Rachel Ward has about as much life, never mind 'fatale' in her as my granny (who's been six feet under , near 40 years now). Jeff Bridges and James Woods should have been a solid pairing on paper, but maybe it's the whole environment, or the direction. Or both. It just splutters, instead of fizzling.
I'm sure there must be better 80s noir than this
domino harvey wrote: the January Man (Pat O'Connor 1989) A unique viewing experience in that this may be the world's first accidental film. Like, all these well known actors and actresses just tripped and fell into a movie that has no idea what it is, what it's about, or why all these roles exist and interact with each other. Ostensibly this is a comedy about the hunt for a serial killer (Golly, are you laughing yet?) scripted, if that's the right word, by John Patrick Shanley coming right off Moonstruck, starring Kevin Kline as a former detective who years ago was forcibly transferred to the fire department (Huh?) by his brother, Harvey Keitel, and the mayor, Rod Steiger, breaking up his romance with Keitel's wife Susan Sarandon (whose casting and character here are at the top of the question mark pile, since it's an especially useless role in a film filled with 'em) until his presence is required back at the department as for some reason he's the only one who can solve the serial killer's three-level deep pattern of murder. Kline is assisted in this by his painter friend Alan Rickman and the mayor's daughter, Mary Elizabeth Mastrantonio, and cursed by his reluctant police chief, Danny Aiello. As you can tell from just those couple of sentences, there are too many characters here, and even with such talent filling the slots, the whole affair is doomed.
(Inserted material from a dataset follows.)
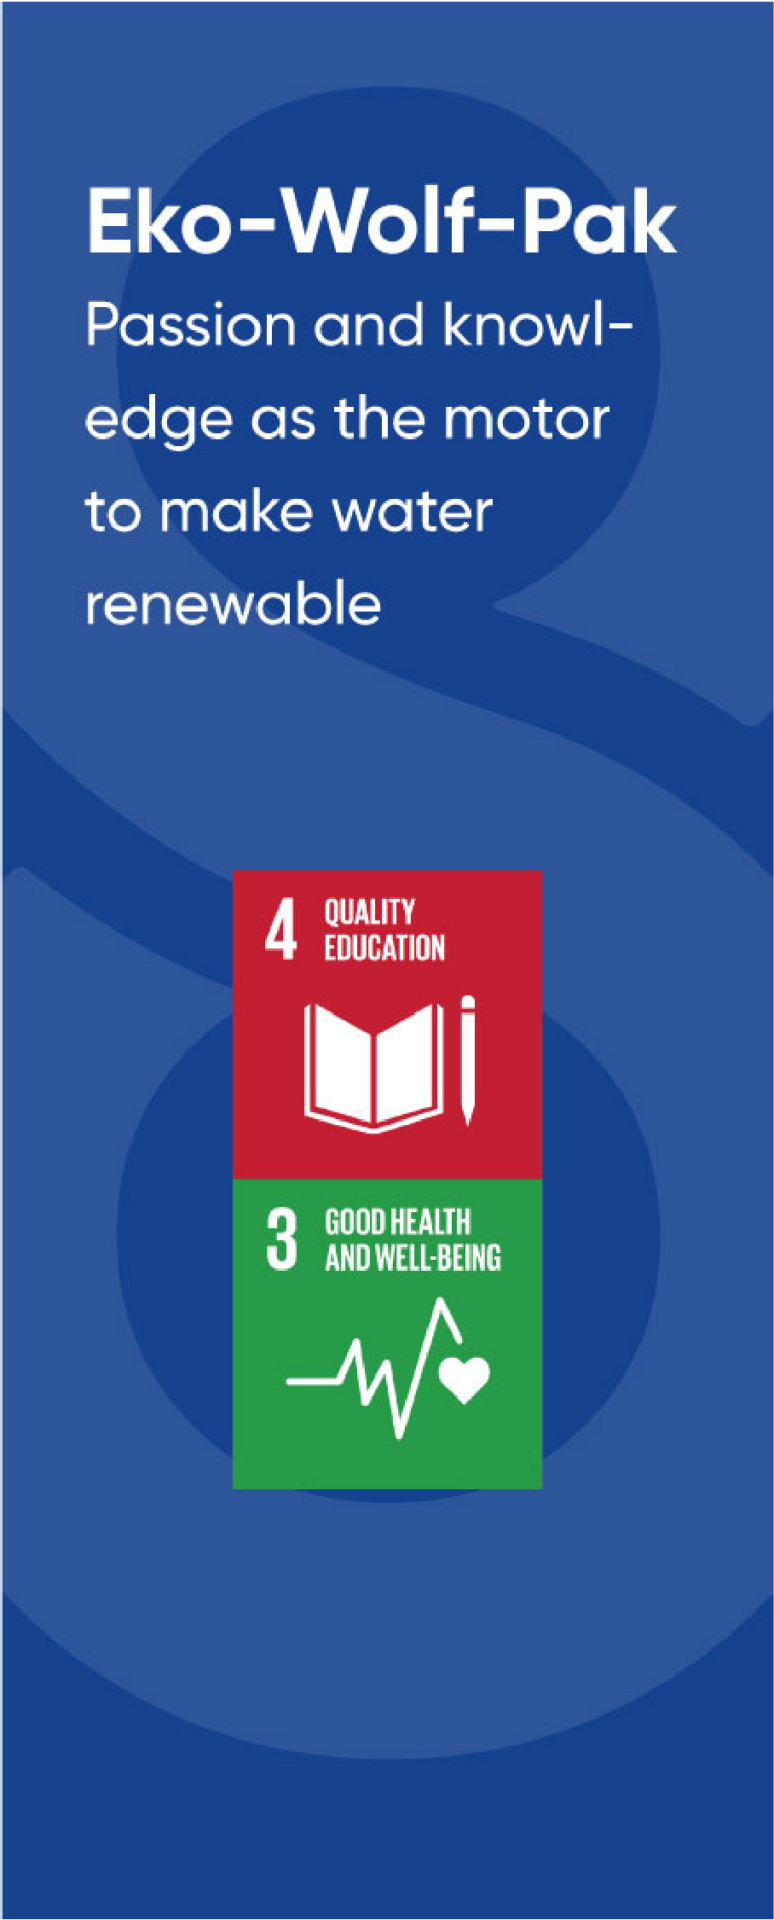 Symbolen van enkele duurzaamheidspijlers: Quality education, Good health and well-being.

If any aspect of this mess sounds like it might be at least a fun mess, you're reading my words wrong. This thing is the worst kind of indulgent mess, one that never makes any sense from one moment to the next, and the labored super-arch tone and disconnect from moment to moment is impressive for all the wrong reasons. The January Man is however a great worst case scenario of what often happens immediately after someone wins an Oscar and they finally get to produce their otherwise unfilmable pet project.
The only Pat O'Connor film I've seen is the beautiful, small-scale work for TV, 'Ballroom of Romance'. I was put off checking this out by the universal panning it received.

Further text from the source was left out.